Page Under Construction

Introducing the MapReduce function

The MapReduce function is an aggregate function that consists of two functions: Map and Reduce. As the name would suggest, the map is always performed before the reduce.

The map function takes data and breaks it down into tuples (key/value pairs) for each element in the dataset
The reduce function then takes the result of the map function and simply reduces it in to a smaller set of tuples by merging all values with the same key.

Map is used to deal with "embarassingly parallel problems" where a task can be broken down into subtasks that can then be ran simultaneously without affecting each other. Instead of just processing elements one by one, all elements can all be dealt with at the same time in parallel. This allows for massively reduced processing times as well as large scalability across multiple servers, making it an attractive solution to handling Big Data.

We will be using Javascript here through the use of Code. Also note that the Mongo shell uses the camelCase 'mapReduce()' whereas PyMongo uses the Python naming scheme: map_reduce()

For this example MapReduce takes the form:

db.<collection>.map_reduce(
    map=<function>,
    reduce=<function>,
    out=<collection>
)
This example returns the population of all the continents.

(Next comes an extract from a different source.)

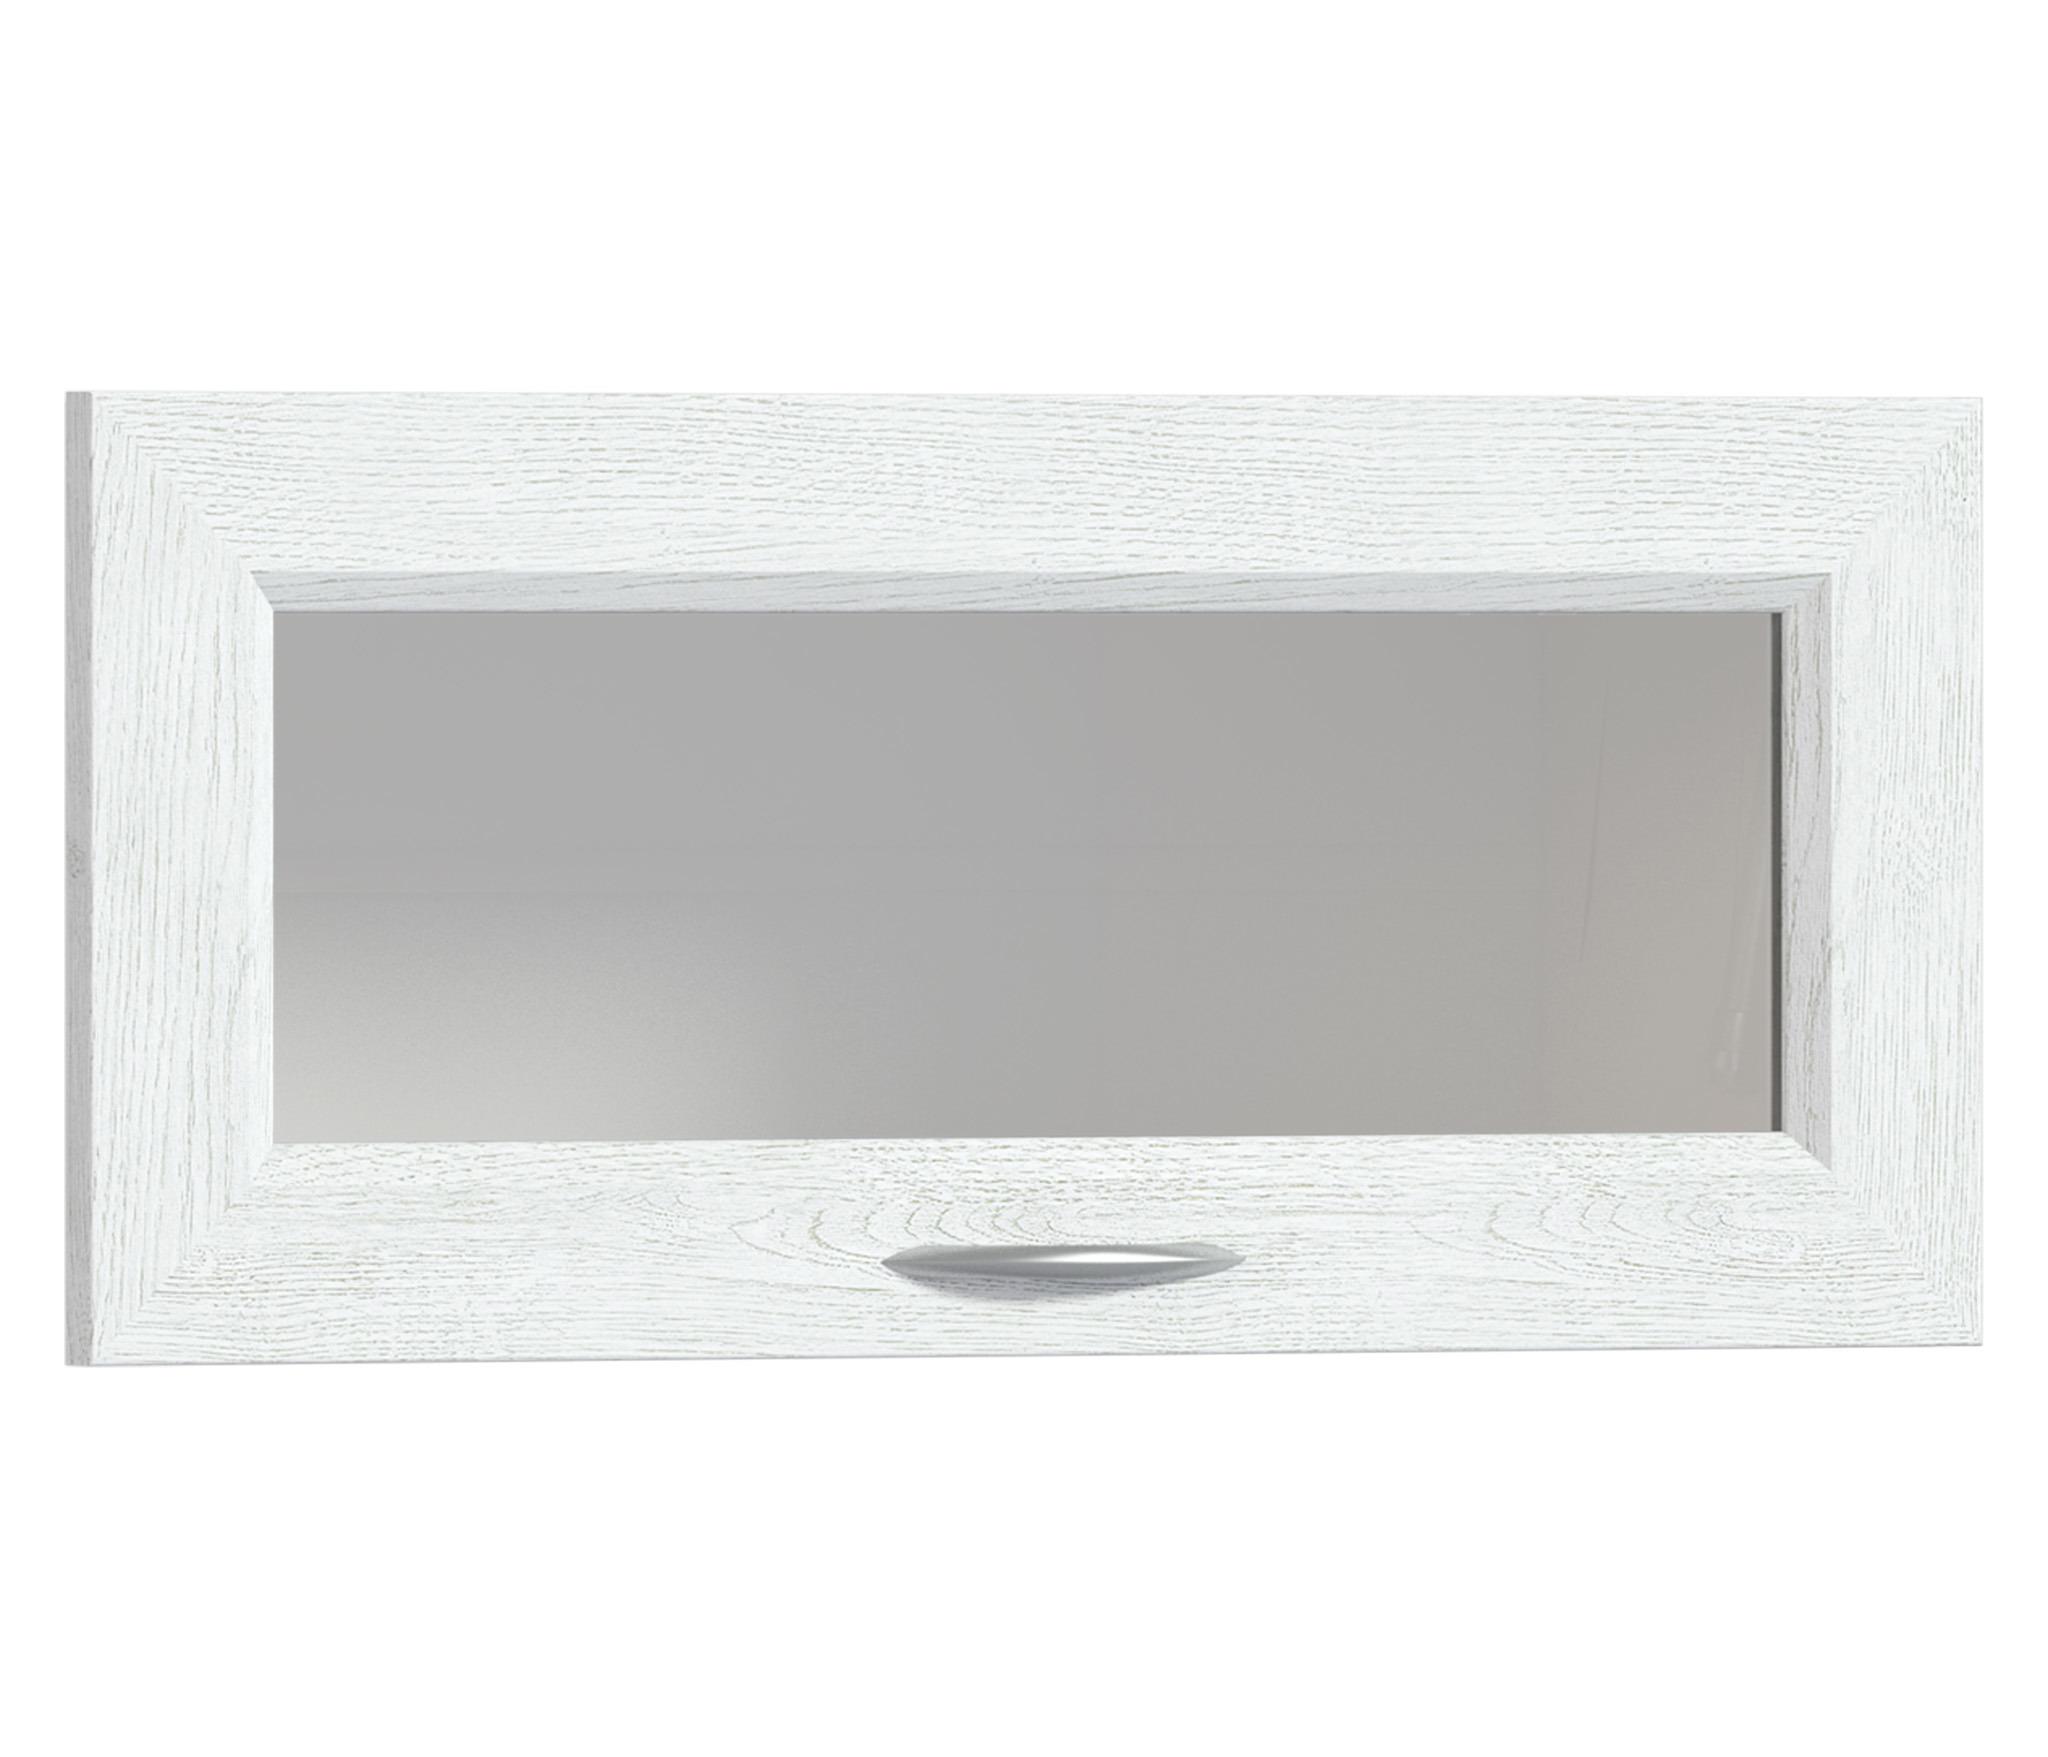 Регина ФВ-280 витринаКухня<br><br><br>Длина мм: 796<br>Высота мм: 355<br>Глубина мм: 21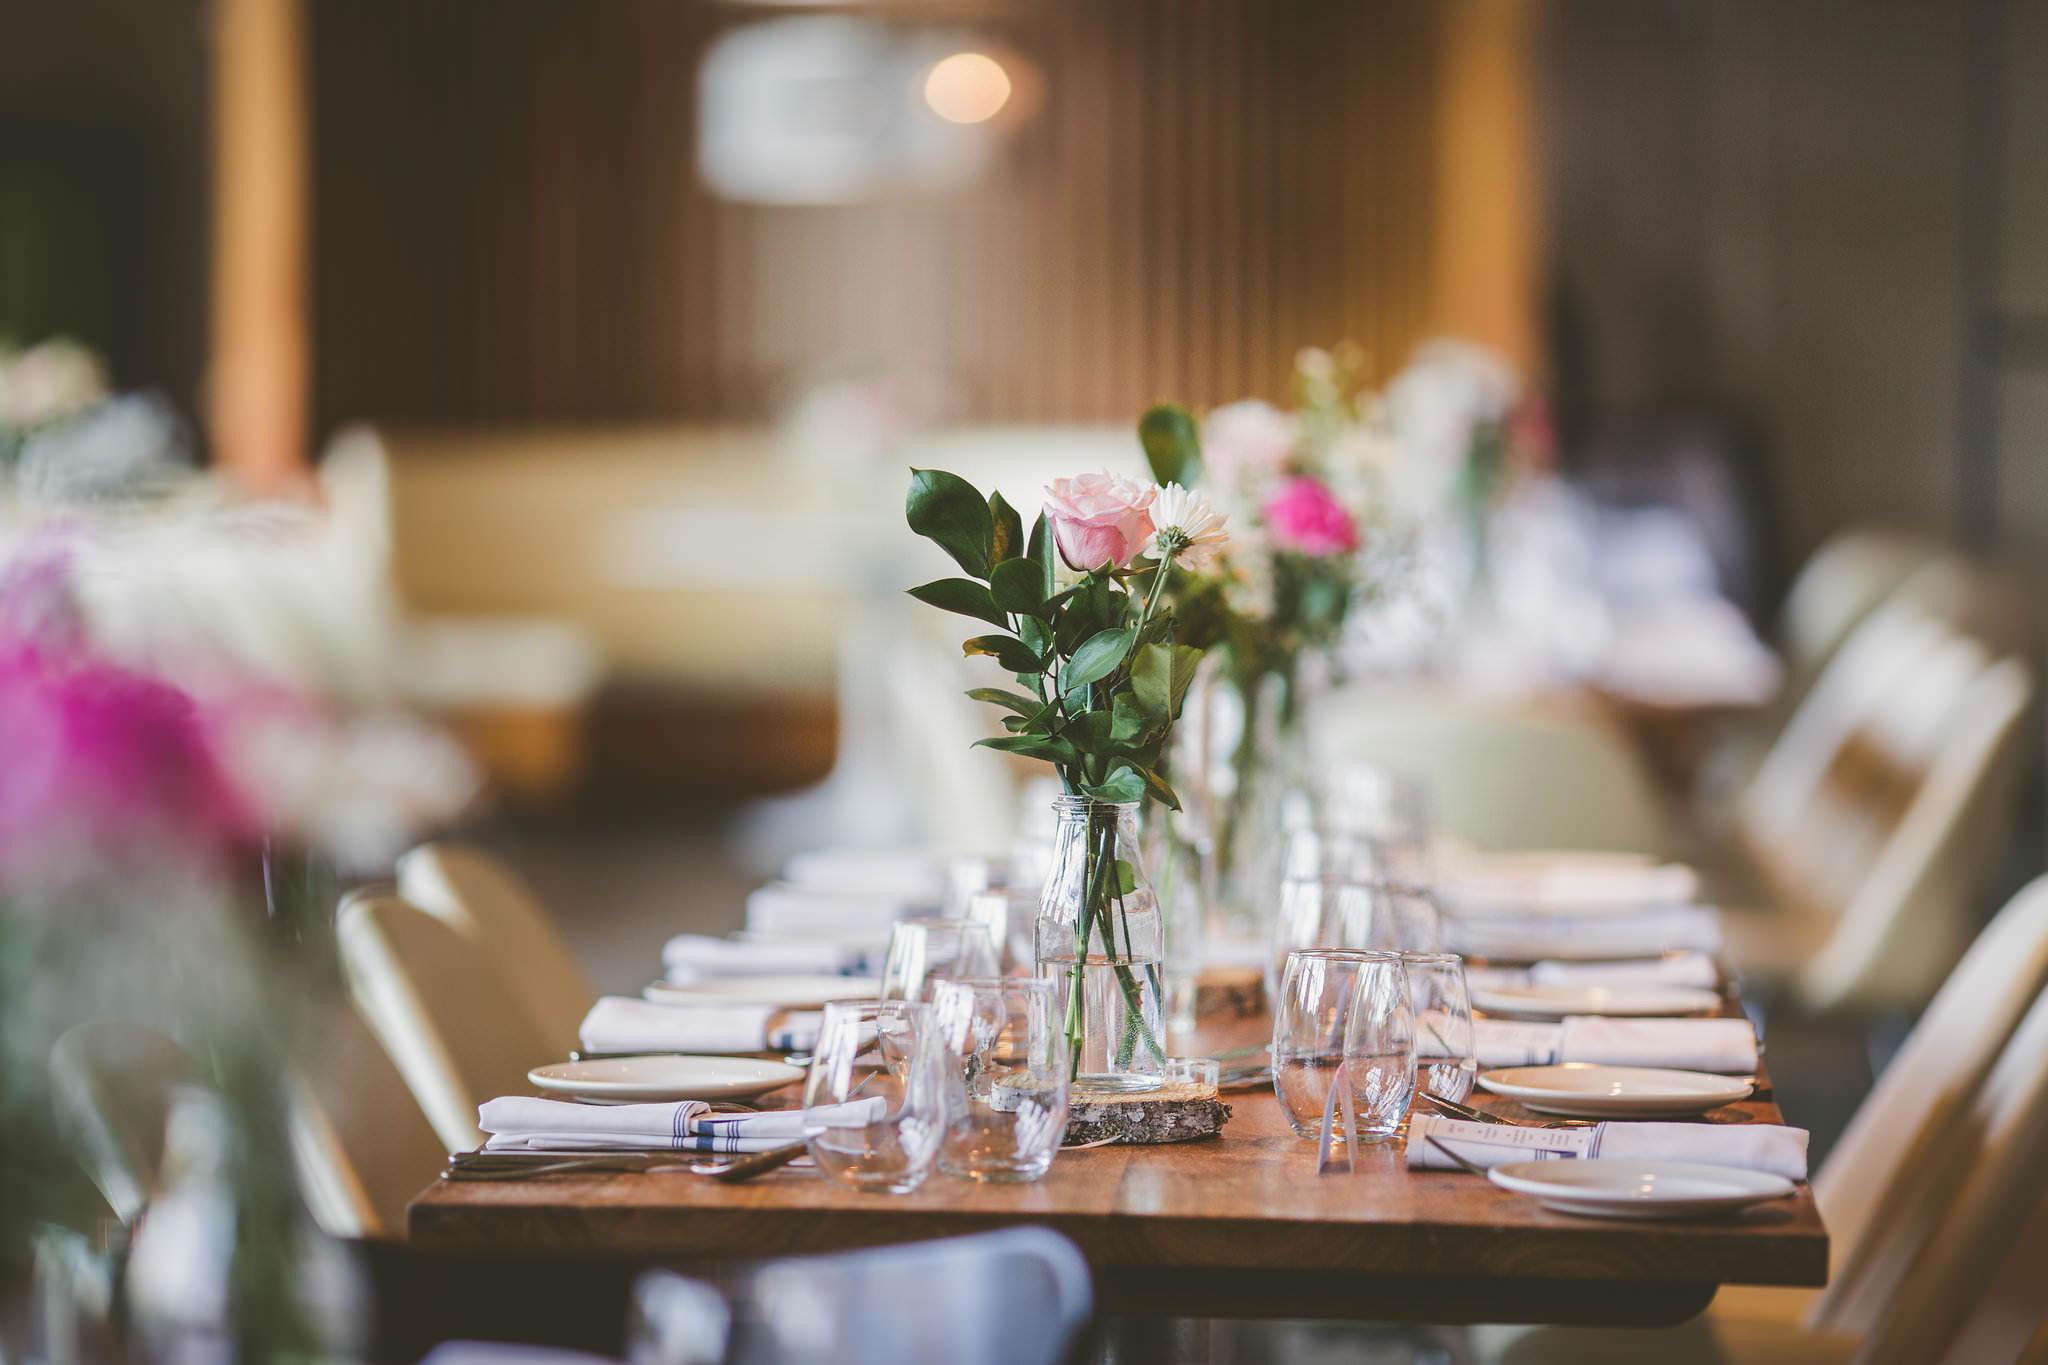 jacqueline drew mildreds temple kitchen 510 - Mildred's Temple Kitchen Wedding

In the map emit(k,v) selects the fields to to turn into tuples, where k is the key and v is the value. The key will be the continents and the values will be the populations
The reduce will sum all the values associated with each key. Finally the "out" part of the MapReduce specifies that the output is to be inline rather than a collection, allowing it to printed it to screen.

from bson.code import Code
pp.pprint(
    db.world.map_reduce(
        map=Code("function(){emit(this.continent, this.population)}"), 
        reduce=Code("""function(key, values){
                           var total = 0;
                           for (var i = 0; i < values.length; i++){
                               total += values[i];
                           }
                           return total;
                       }
                    """),
        out={"inline":1},
    )
)
query can be used in a mapreduce to filter the input documents to map.

Find the GDP for each continent, but only include data from countries that start with the letter A or B.

from bson.code import Code
temp = db.world.map_reduce(
        query={"name": {"$regex":"^(A|B)"}},
        map=Code("function(){emit(this.continent, this.gdp)}"), 
        reduce=Code("""function(key, values){
                          var total = 0;
                          for (var i = 0; i < values.length; i++){
                              total += values[i];
                          }
                          return total;
                      }
                   """),
        out={"inline":1},
)

pp.pprint(
   temp["results"]
)

from bson.code import Code;temp = db.world.map_reduce(query={"name": {"$regex":"^(A|B)"}},map=Code("function(){emit(this.continent, this.gdp)}"),reduce=Code("function(key, values){var total = 0;for (var i = 0; i < values.length; i++){total += values[i];}return total;}"),out={"inline":1});import operator;pp.pprint(temp["results"])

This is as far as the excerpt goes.